■ **Exercise goal**: Begin at the line containing "#UKGiftAM #shopindie #craftmakersuk" and retype each line through the end of the records exactly. Include nothing else and no pictures.

■ **Supplied material**:
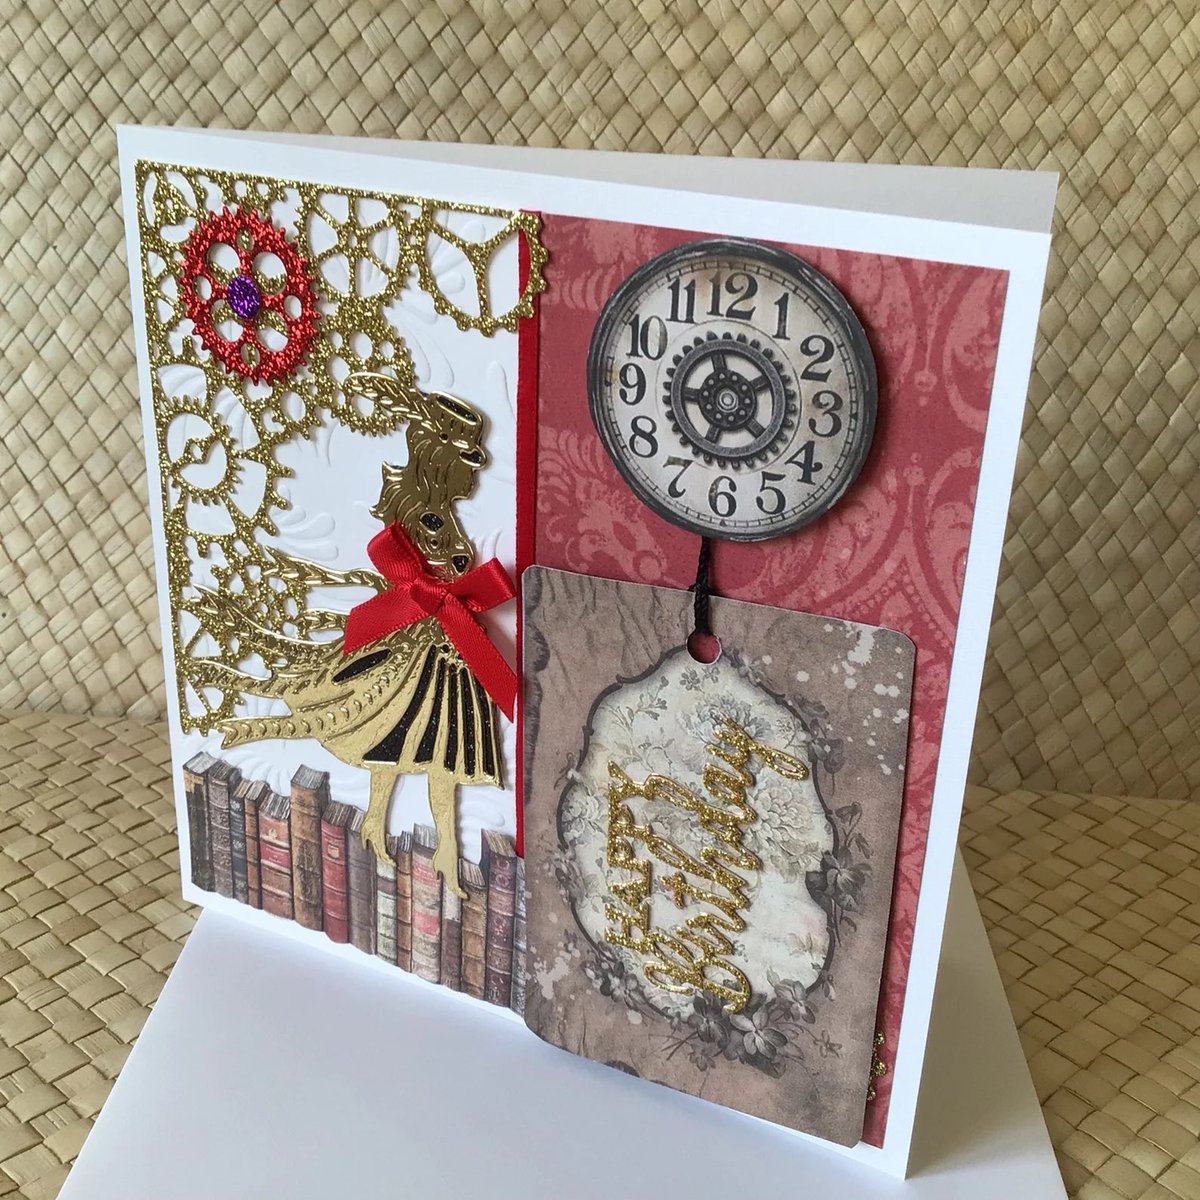 Reversible tag on this unique handmade card
Victorian Lady Steampunk Birthday Card, Vintage Library Design, The World is a Book, For Travel Lovers etsy.me/3WIzAad 

#UKGiftAM #shopindie #craftmakersuk #sundayvibes
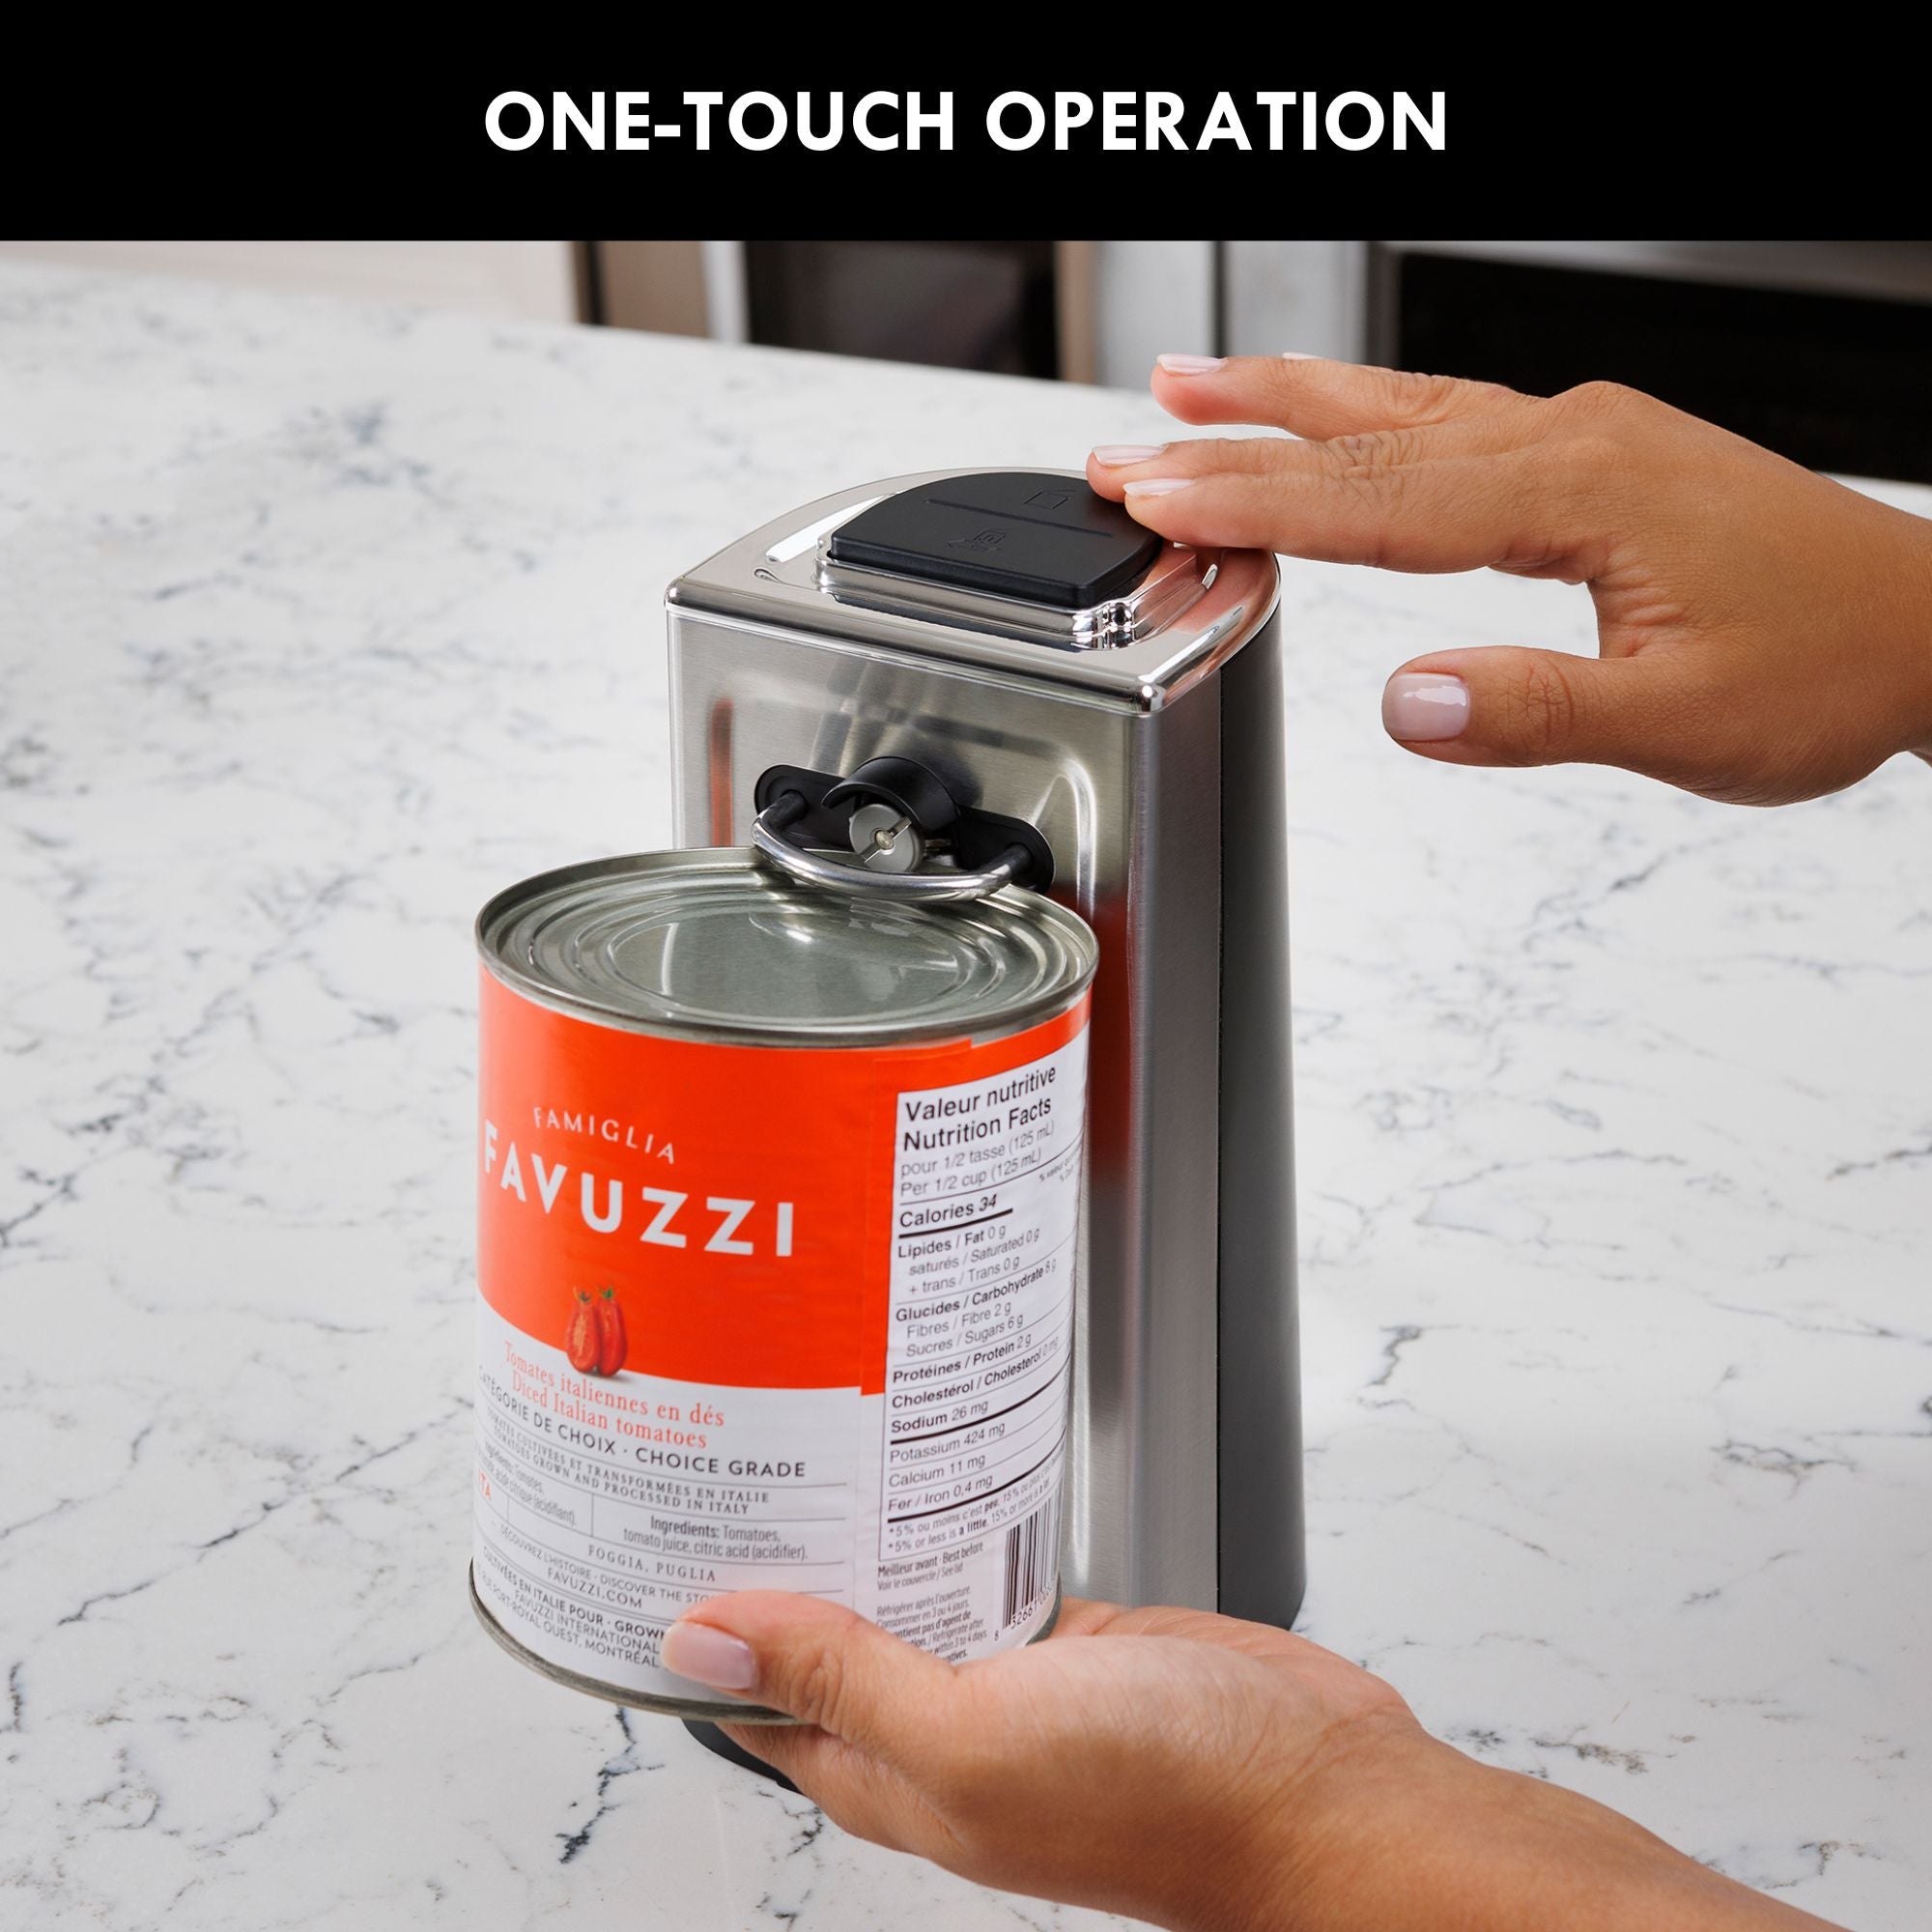 A person's hands holding a can and pressing the button on top of the Kenmore smooth-edge can opener on a white marble kitchen counter. Text above reads, "One-touch operation"
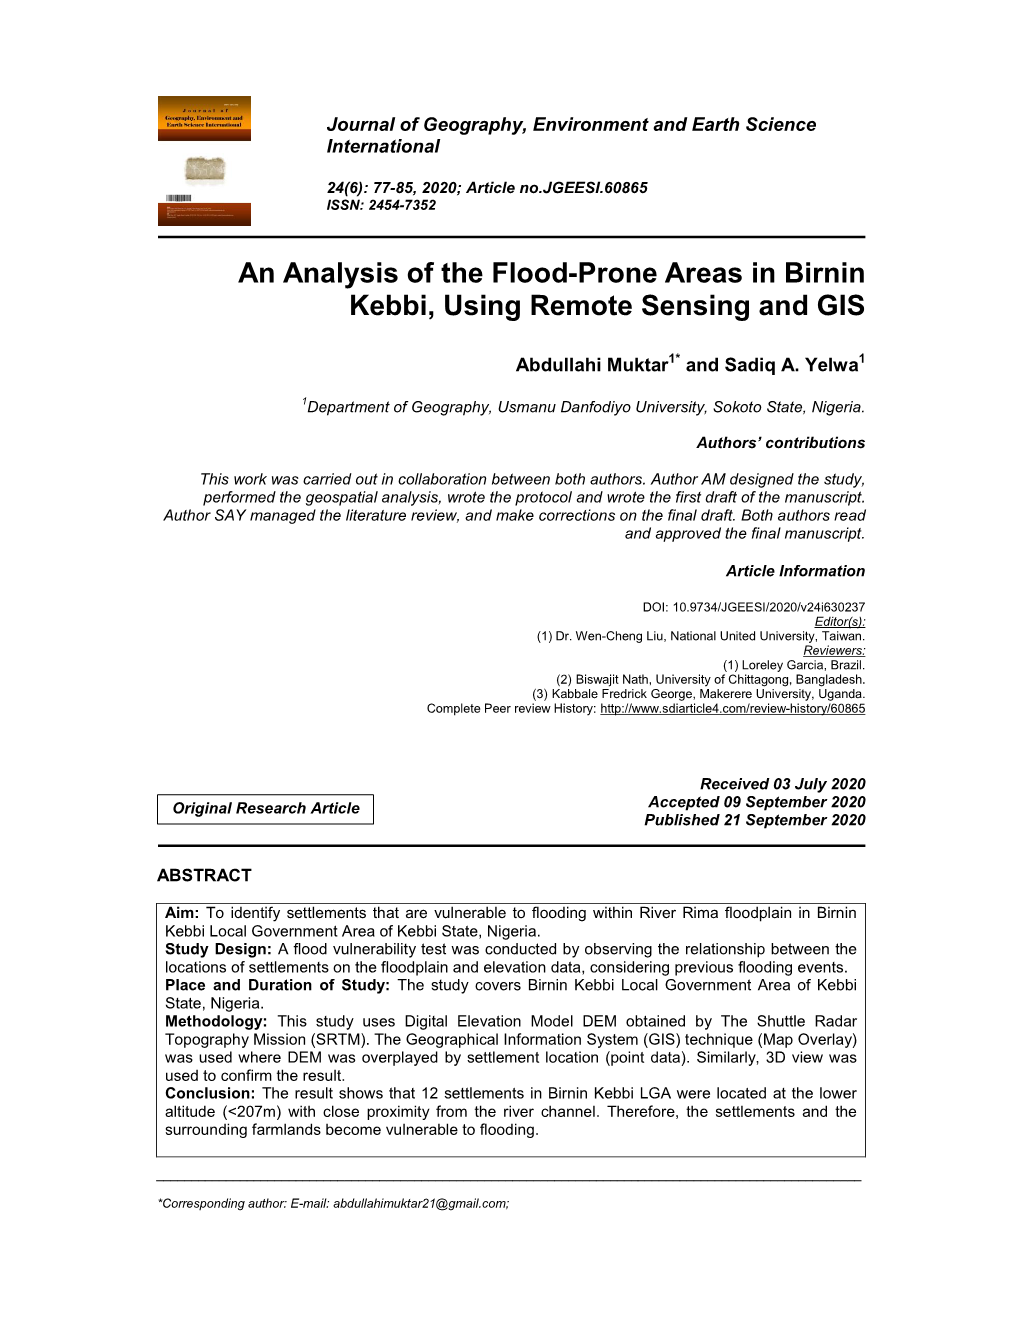 An Analysis of the Flood-Prone Areas in Birnin Kebbi, Using Remote Sensing and GIS

■ **Answer box**:
#UKGiftAM #shopindie #craftmakersuk #sundayvibes
 A person's hands holding a can and pressing the button on top of the Kenmore smooth-edge can opener on a white marble kitchen counter. Text above reads, "One-touch operation"
 An Analysis of the Flood-Prone Areas in Birnin Kebbi, Using Remote Sensing and GIS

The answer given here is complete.